« Comme une lettre à la poste »

Plus tôt dans la journée, je pensais à cet article. J’étais dans les rues de Paris, chacun de mes tibias pesait 20 kg et -pardonnez moi- je songeais sérieusement au moment où j’allais devoir m’arrêter pour g*****. Je cherchais un titre -vous pensez à quoi vous quand vous courrez ?- et mon choix s’était porté sur « C’est l’histoire d’une lutte ».
Le titre a changé. Ça a prit une heure. Une heure de course.
Samedi, j’ai rendez vous avec un 10km. C’était la dernière semaine, la semaine de relâche pour tout coureur normalement constitué. Celle qui suit les semaines d’entrainements, celle méritée, où l’on garde le canapé sans culpabiliser puisque tout est prêt dans les jambes. Vous l’aurez compris à la teneur de mes articles précédents, cette semaine représentait plus la semaine-sauvetage, la semaine-de-la-dernière-chance.
Lundi, j’avais courageusement décidé d’aller courir. J’ai fait 1 km, et puis, j’ai fait demi tour. Est ce que ça vous arrive d’avoir les tibias lourds, mais lourds ? Quand je ne cours pas sérieusement pendant plusieurs jours/semaines, c’est ce qu’il se passe pour moi. L’impression de ne plus réussir à mettre le pied en flexe, parce que mon os coince. Bref. Lundi donc, après 1 km allé, et 1 km pour vite retourner à  la maison, j’ai décidé de faire une séance de triche. Mon rendez vous de samedi ne me permettait pas de simplement rentrer tête basse. Alors j’ai pris des escaliers, très hauts et très longs (bon pas si longs mais…) Et j’ai fait 5 séries. Puis je suis rentrée, tête moins basse que si je n’avais rien fait.

Paris-20140127-01697

Et puis aujourd’hui, jeudi. Je savais déjà que j’allais sauter l’entrainement, le reportant une énième fois à demain. Mais mon ami m’a pousser au cul. Il a dit « On va courir« . Bon. Allons courir.
J’y suis allée à reculons, j’ai commencé à courir, mes tibias ont commencés à peser, j’ai commencé à espérer tomber dans les pommes pour arrêter le supplice, je ne suis pas tombée dans les pommes. Puis mon ami a dit « Dans 10 minutes tu seras contente d’être là« . Alors j’ai pensé « Si j’avais été seule, je serai déjà repartie en arrière. » Puis il à dit « Ça fait déjà 10 minutes qu’on court » et j’ai pensé « Merde c’est tout« . Ensuite, il ne s’est plus occupé de moi, et je ne me suis plus occupée de moi non plus. J’ai fixé son dos, et j’ai couru, et j’avais mal aux jambes, et j’avais la nausée, et puis d’un coup, tout à disparu. D’un coup j’ai pu sentir le vent sur mon visage, et sur mes mains, qui me rafraichissait, j’ai pu sentir que mes pieds n’étaient pas si lourds, que je n’avais pas tant perdu, j’ai pu écouter mon souffle relativement régulier, j’ai pu lever les yeux et regarder le ciel bien loin, en sentant que c’était bon.
Ensuite mon ami à dit « Plus que 800m et on aura fait nos 10 bornes« . Alors j’ai dit « Sérieux ? Tu me mens, non ?  » Alors il s’est offusqué. Je sais pas s’il a fait exprès, mais on a rajouté un km. Puis il a dit « T’as vu c’est passé comme une lettre à la poste« . Puis j’ai rien dit. Parce qu’il avait bien raison.
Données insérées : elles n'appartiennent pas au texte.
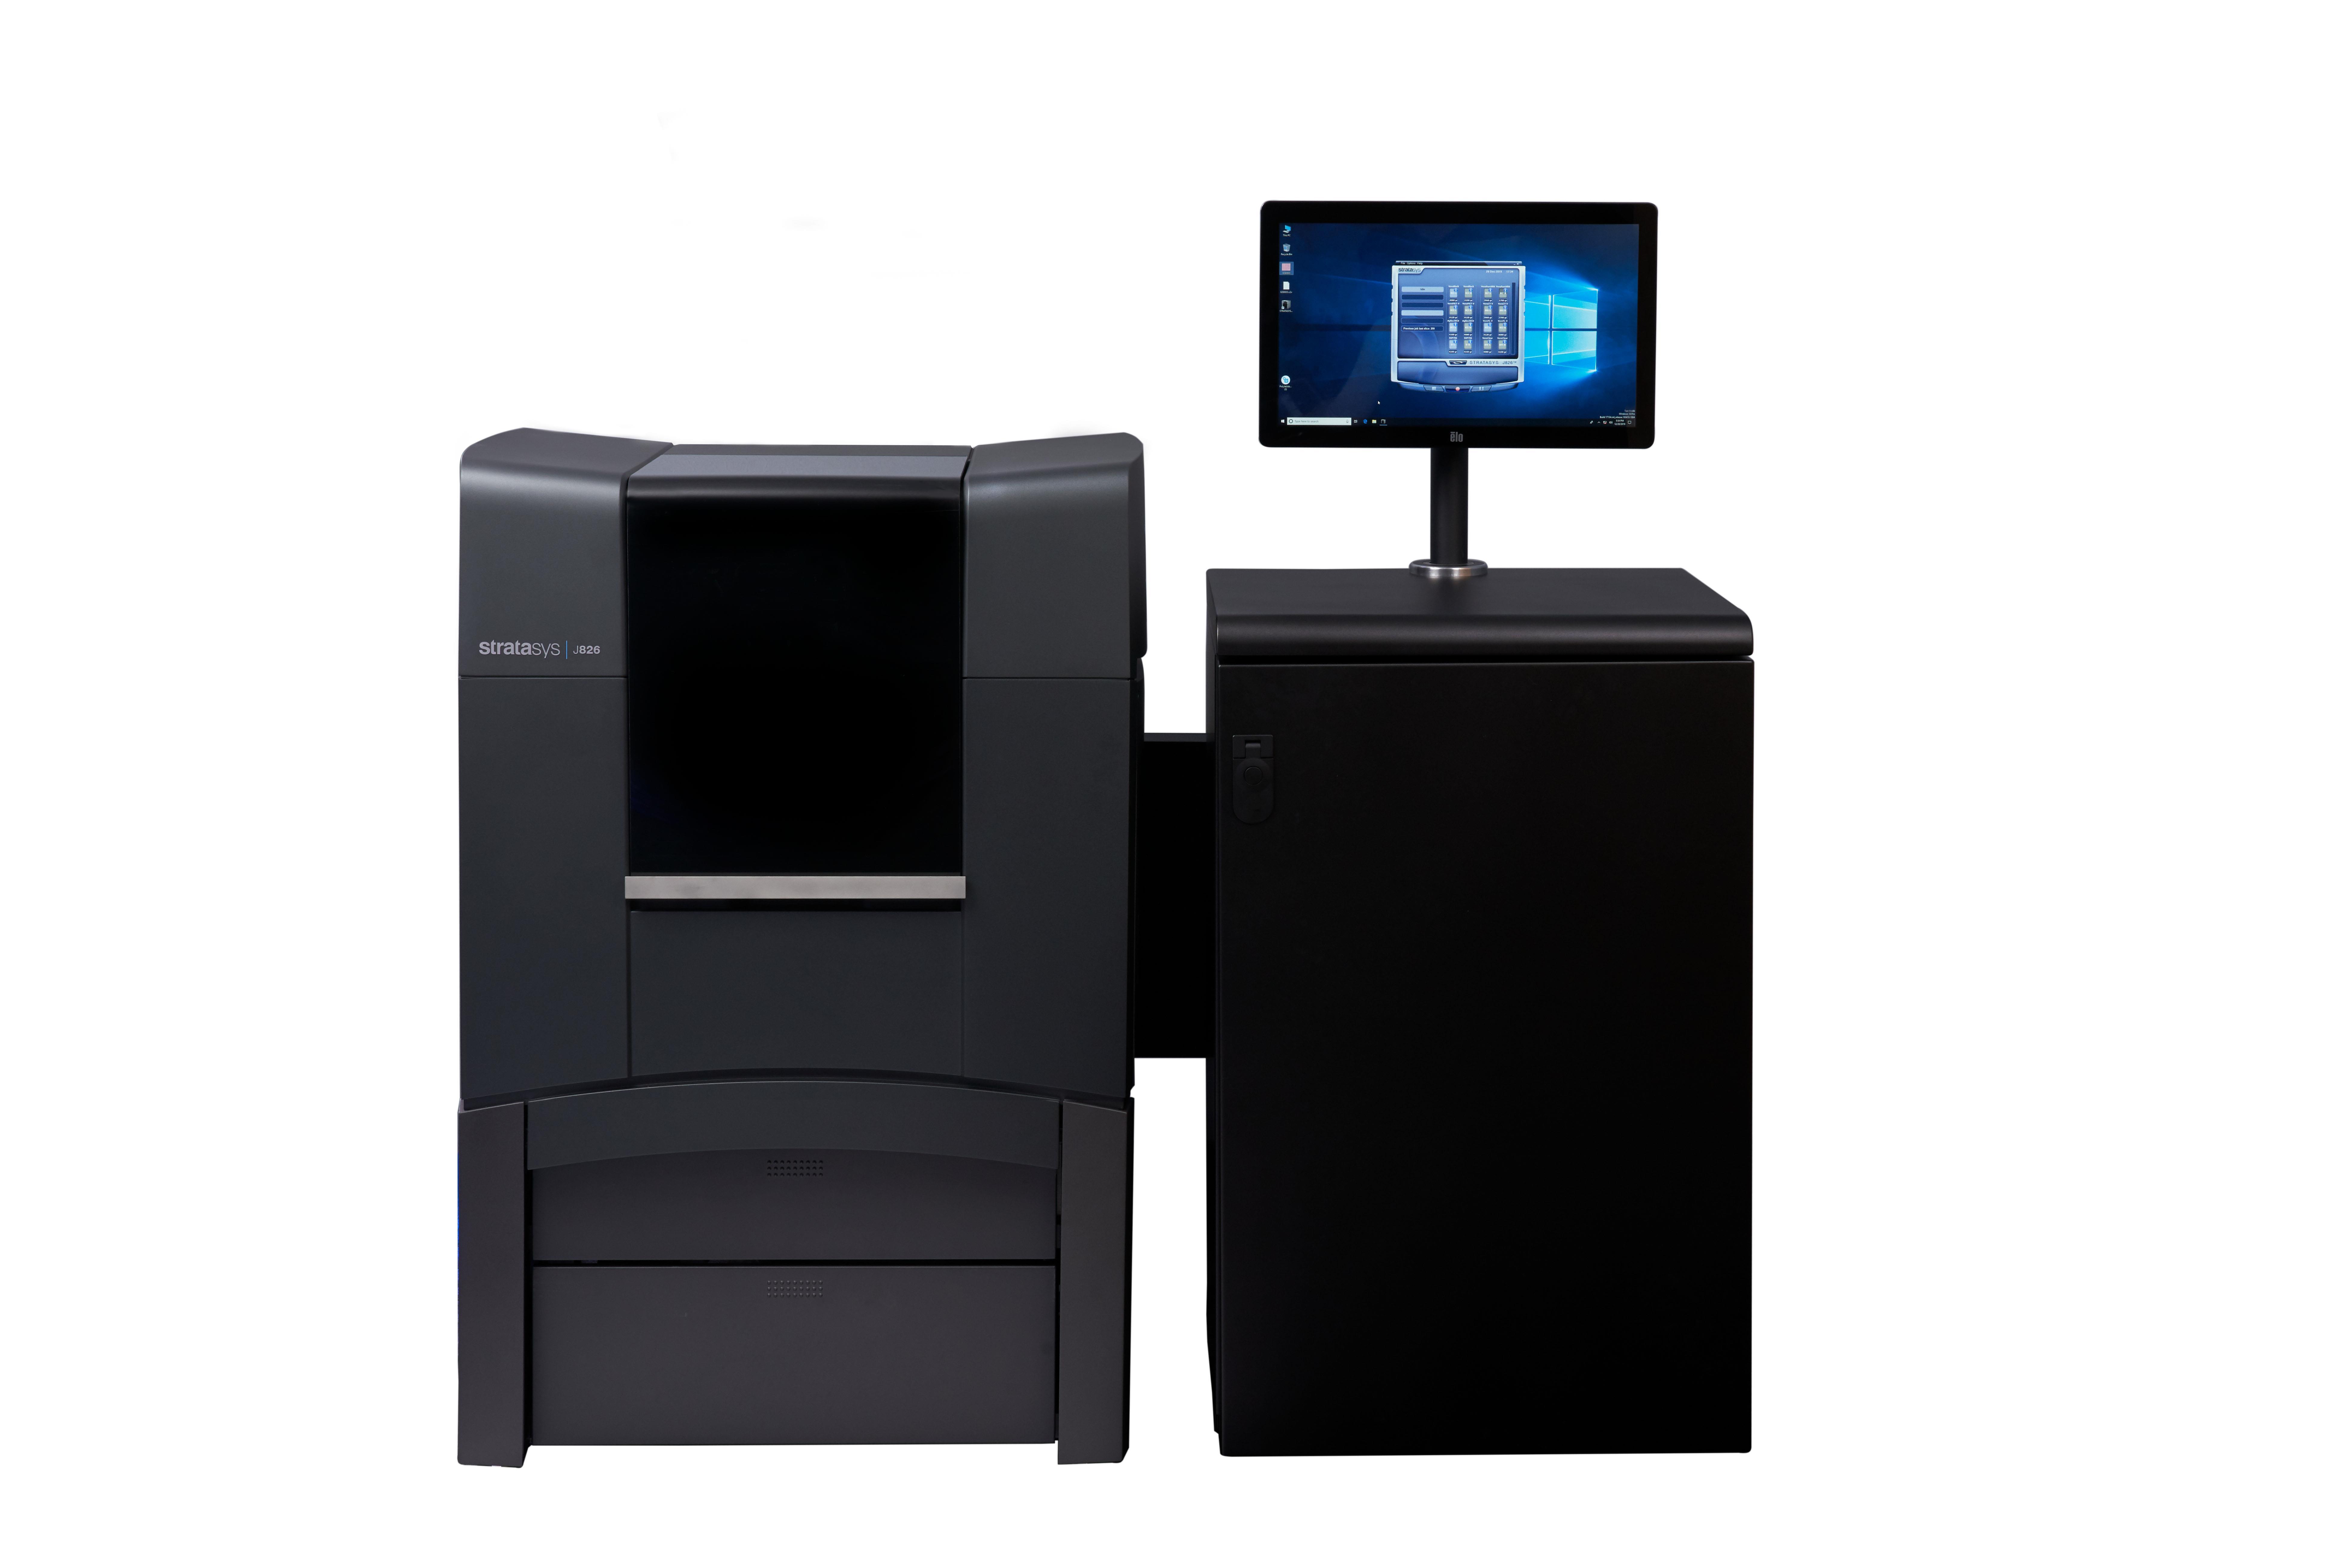 Stratasys J826 - 3D Printing Pantone : เทคโนโลยีการพิมพ์ 3 มิติ ที่มาพร้อมเฉดสี

Alors voilà, tout ça pour dire qu’aujourd’hui, j’ai couru 11 km, en 1h04. Et que j’ai aimé ça. Et que malgré ces semaines horribles post marathon, ces semaines de culpabilité, ces luttes matinales pour y aller, je suis bien contente de toujours tourner autour des 10 km/h. Je sais pas si c’était très intelligent de s’enquiller ça avant samedi, mais peu importe. Après une sortie comme celle là, j’ai presque envie de chuchoter « I’m back ». Mais je vais attendre un peu, pour être sûre.

En tout cas y a pas à dire, en cas de doute, courir avec une paire de fesses sous les yeux, ça aide.